Poussin, Martyre de St Erasme, 1628-1629
C'est Ingannmic qui m'a proposé cette LC autour d'Octave Mirbeau et je l'en remercie. Ce roman aurait pu rester encore quelques années dans ma PAL tellement sa couverture me déplaît. Quant au contenu, il sent la fin du XIXe siècle, le symbolisme et la décadence à plein nez...
Il y a des relents de Sade et de Huysmans dans ce livre à la construction gigogne. Tout commence par une conversation d'intellectuels. Ceux-ci s'accordent à dire que toute société est fondée sur le crime. Mais le meurtre a-t-il un sexe ? Peut-on imaginer la femme (tendre et douce) comme criminelle ? Un homme intervient pour conter sa propre histoire.
Fils de commerçant, il n'a vécu que de crimes et d'expédients, escroc et maître chanteur à ses heures. Un ami ministre lui offre l'aventure et la richesse : il sera embryologiste à Ceylan. Pendant le voyage, il rencontre Clara, une jeune anglaise qu'il imagine pure. Mais c'est en réalité une femme sadique et hystérique qui l'introduit au jardin des supplices. Après la visite du bagne où l'on voit les hommes devenus des bêtes, on suit notre couple dans un jardin flottant. Les fleurs délétères y sont multiples et les tortures raffinées atroces.
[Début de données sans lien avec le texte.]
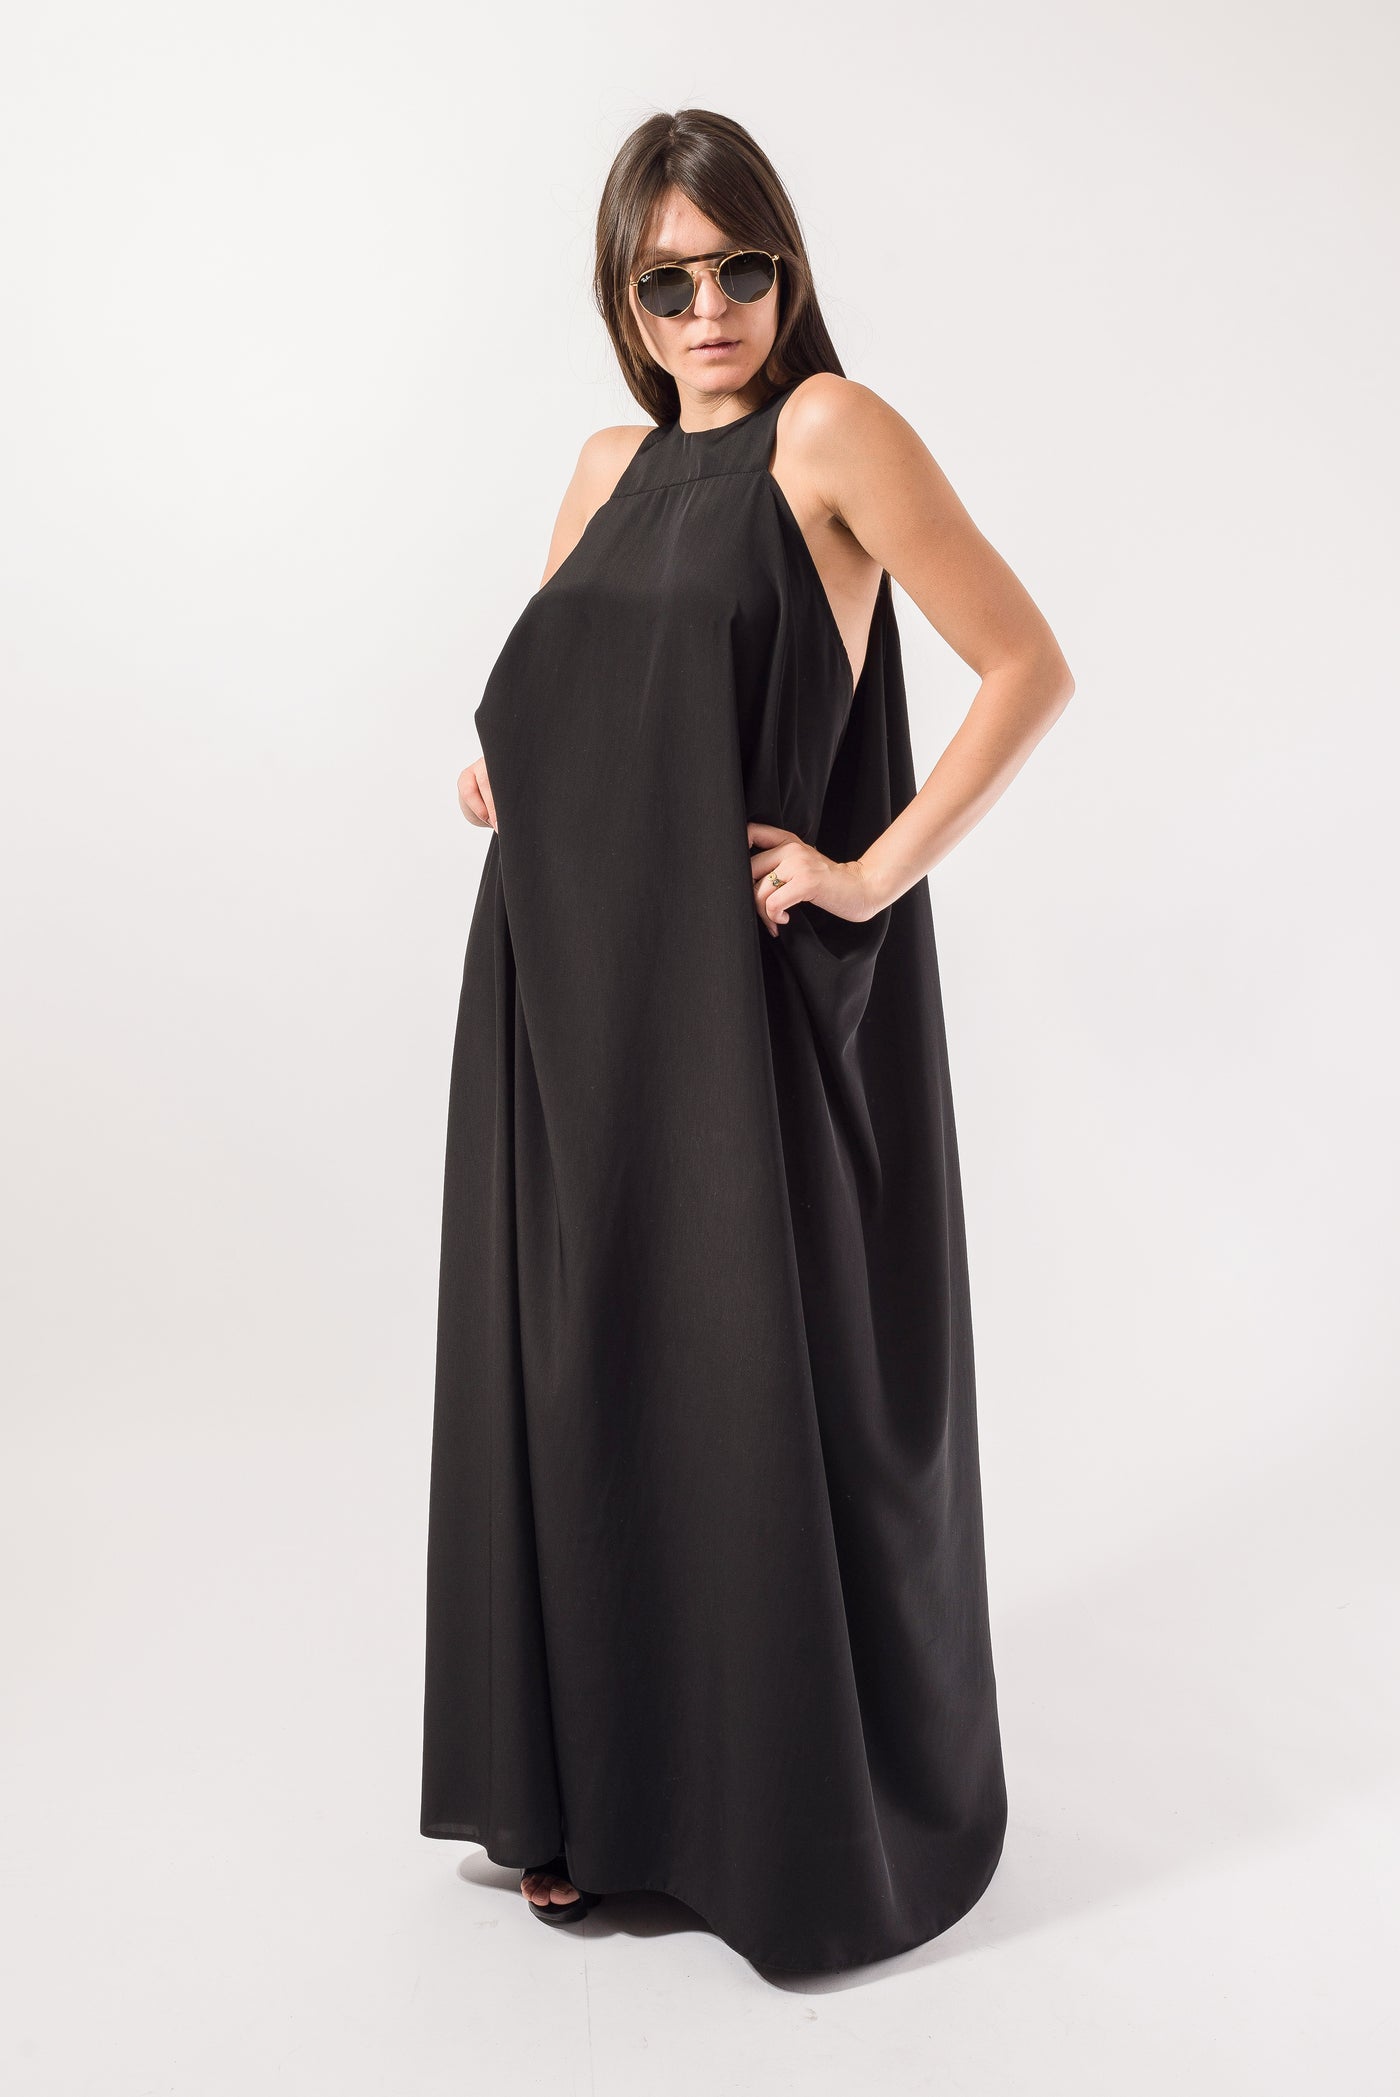 Black maxi dress with open back F1829
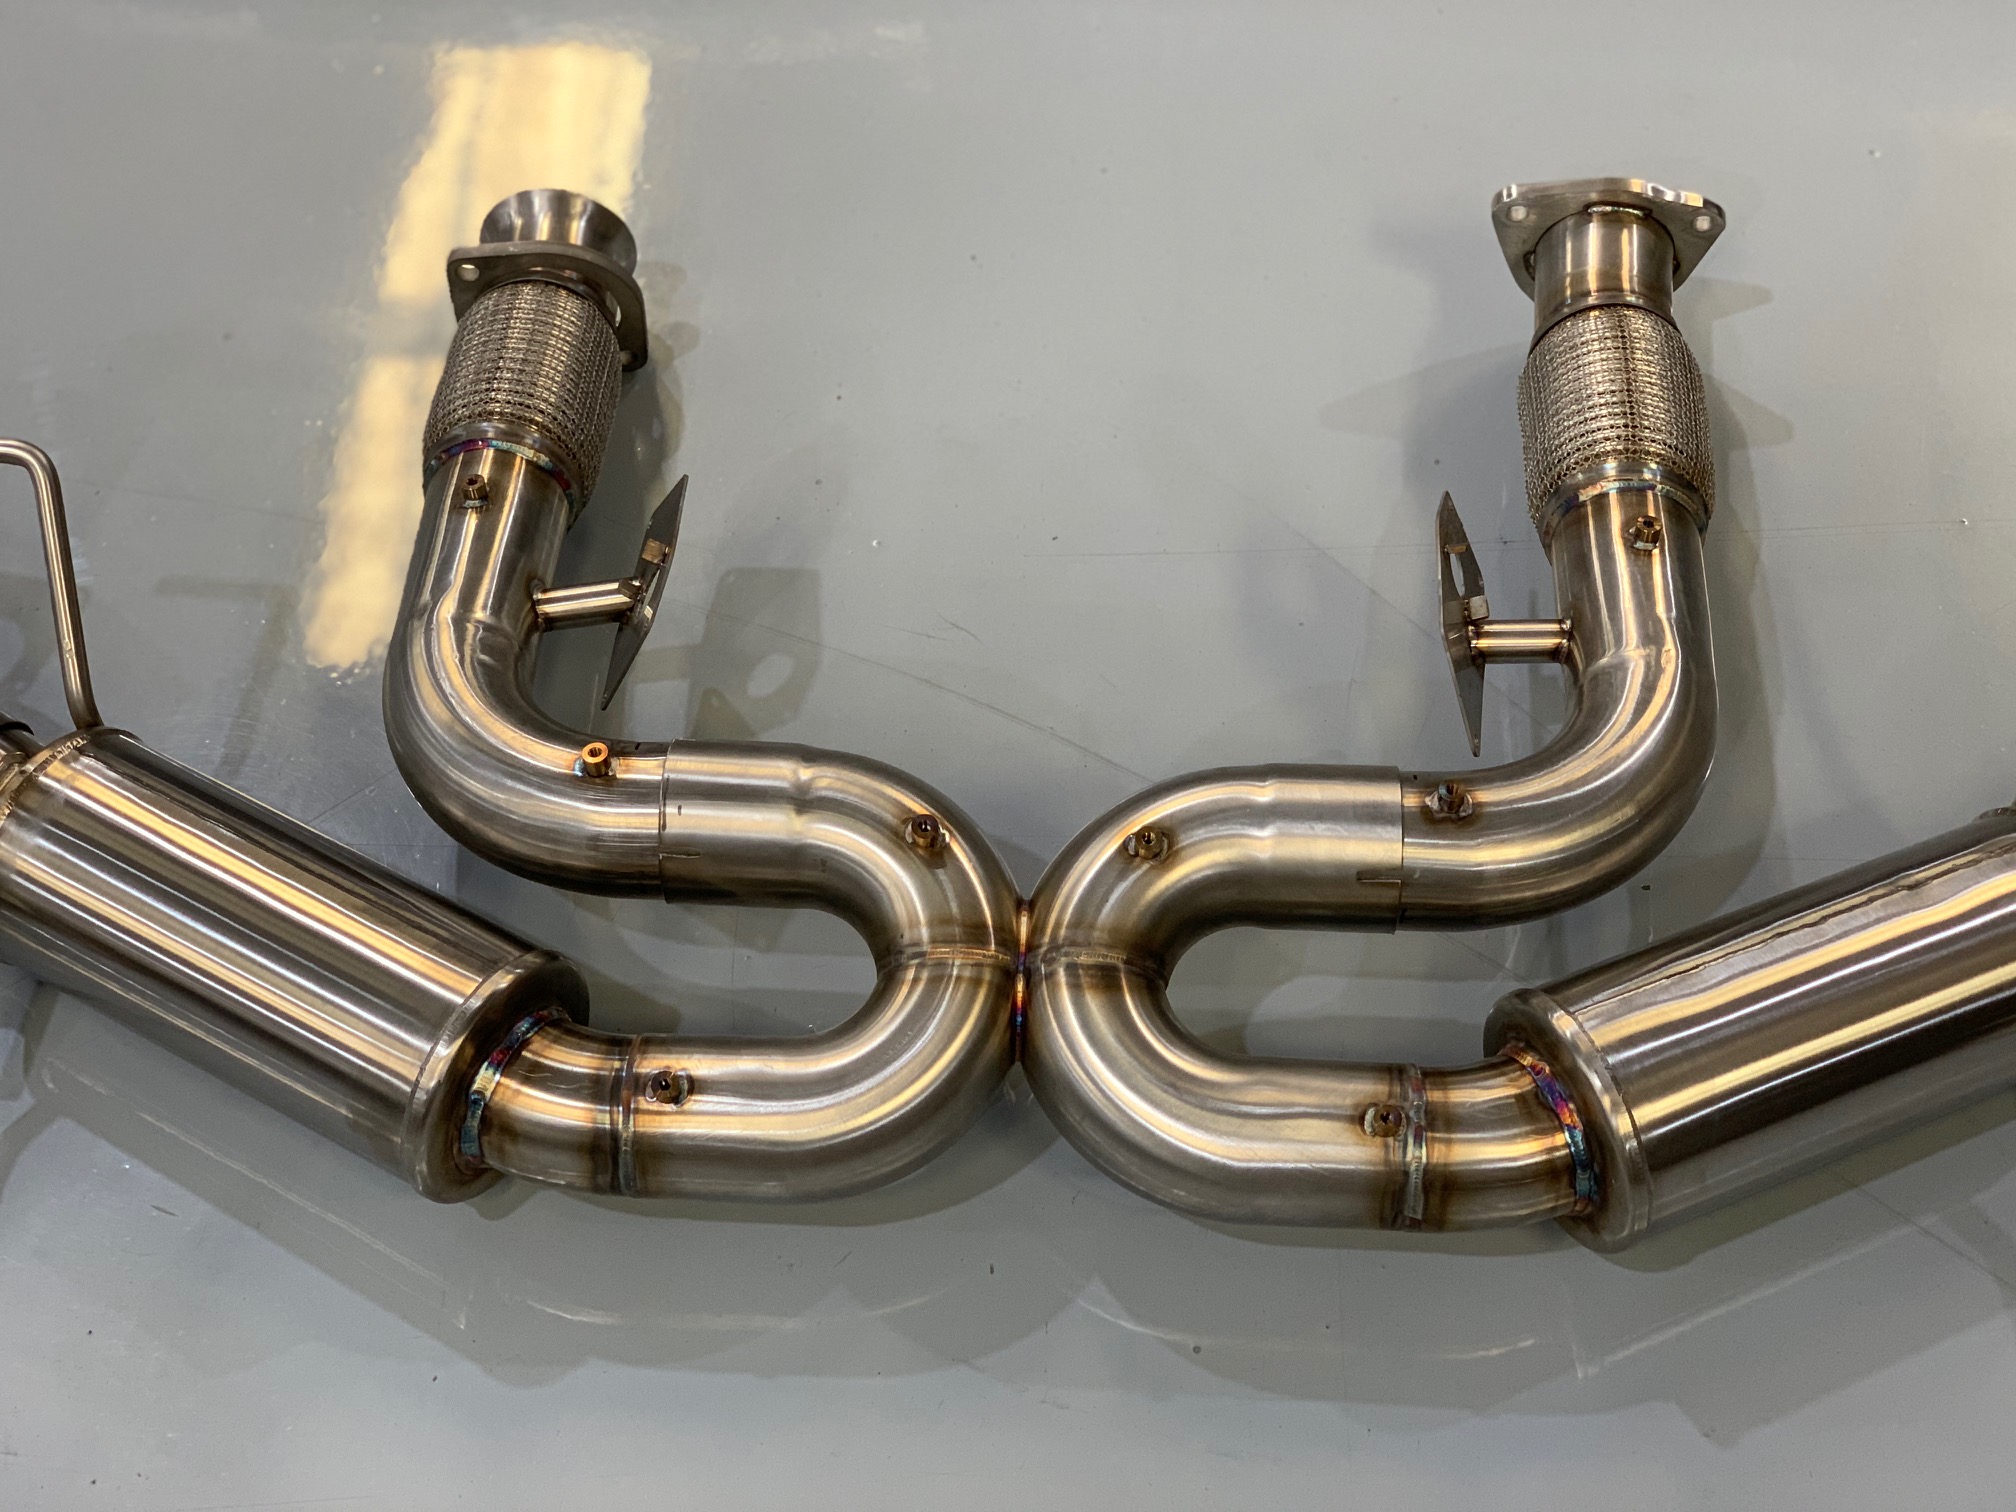 C8 Corvette Stingray Bullet Exhaust System #FCOR-0715 4.5" Stainless Double Wall Tips NO AFM VALVE

Le personnage de Clara, qui se distrait de son ennui par l'observation de la souffrance et de la mort, est effrayante d'inhumanité. Elle a comme un orgasme à la vision de la torture et de la mort. Certes, ce rapport entre amour, érotisme et mort n'est pas nouveau. Mais la violence et le sadisme des supplices chinois est insupportable. Or, Clara y lit un plaisir esthétique. On est dans Barbey d'Aurévilly avec ses Diaboliques, dans son Bonheur est dans le crime... Amoralité, crime et jouissance de ce crime sans culpabilité sont les maîtres mots de ces récits.
Et malgré les différences de ton et l'artifice des récits emboîtés, ce livre forme un ensemble plutôt convaincant.
Dans ce roman, Octave Mirbeau montre la corruption générale des sociétés : les mondes exotiques se vantent de la subtilité de leurs supplices, les Européens tuent des indigènes comme ils feraient des safaris. Et la décadence touche tous les niveaux de la société : le commerçant, le député, le ministre, la ville comme la campagne. La IIIe République y apparaît comme mesquine et ridicule, se vendant au plus offrant et au plus criminel. Cela interroge bien entendu sur les valeurs morales de cette société, sur la notion de progrès et de décadence.
Un roman malsain et subversif, qui met mal à l'aise, dont les scènes descriptives font frissonner d'horreur, à ne pas mettre en des mains non averties.